I'm proud of what ACF has achieved in the three and a half years I’ve been there. We’ve had some great collaborative initiatives like the Funders Commitment on Climate Change, and the Funders Collaborative Hub, which has helped so many organisations to connect and work together. And, of course, the Stronger Foundations initiative … I think ACF has been on an important path leading and influencing the foundation sector and I’m immensely proud of everything it’s achieved at a critical time.

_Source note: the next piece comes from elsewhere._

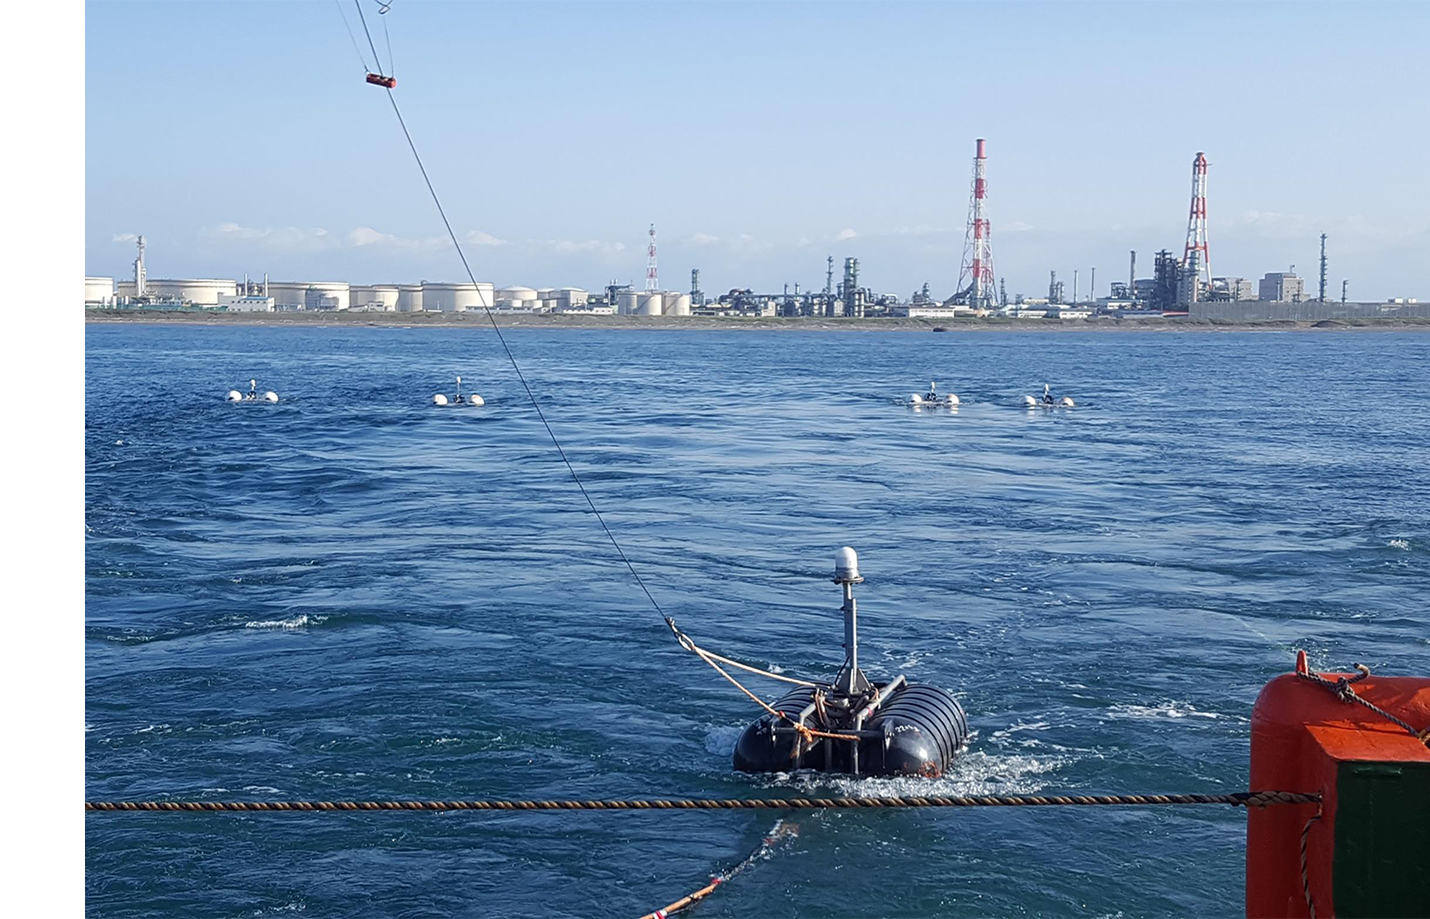 Deployment of the UHR3D system behind a vessel near Tomakomai

Stronger Foundations was a provocation to think differently and harder, while also giving organisations tools and evidence from authoritative sources on a range of issues for foundations. The whole Stronger Foundations engagement process was extremely valuable – having peers come together to discuss what stronger foundation practice actually looks like, and work through evidence and thinking from around the world. The team then did a brilliant job to support the distillation of principles out of that work, while making it a live debate and discussion with trusts and foundations.

My wish for Stronger Foundations as I leave ACF is that it remains a dynamic process. Thinking always moves on and develops. There’s never one right answer. So, you must keep re-asking the questions. I hope that Stronger Foundations enables dialogue to continue.

Trusts and foundations are born out of inequality. They’re incredibly privileged, with a huge amount of freedom and power. And with that comes a lot of responsibility to justify that privilege and use that power wisely. When you’re putting private money to public purpose, for current and future generations, it comes with an obligation and a need to demonstrate your legitimacy, credibility and ethics.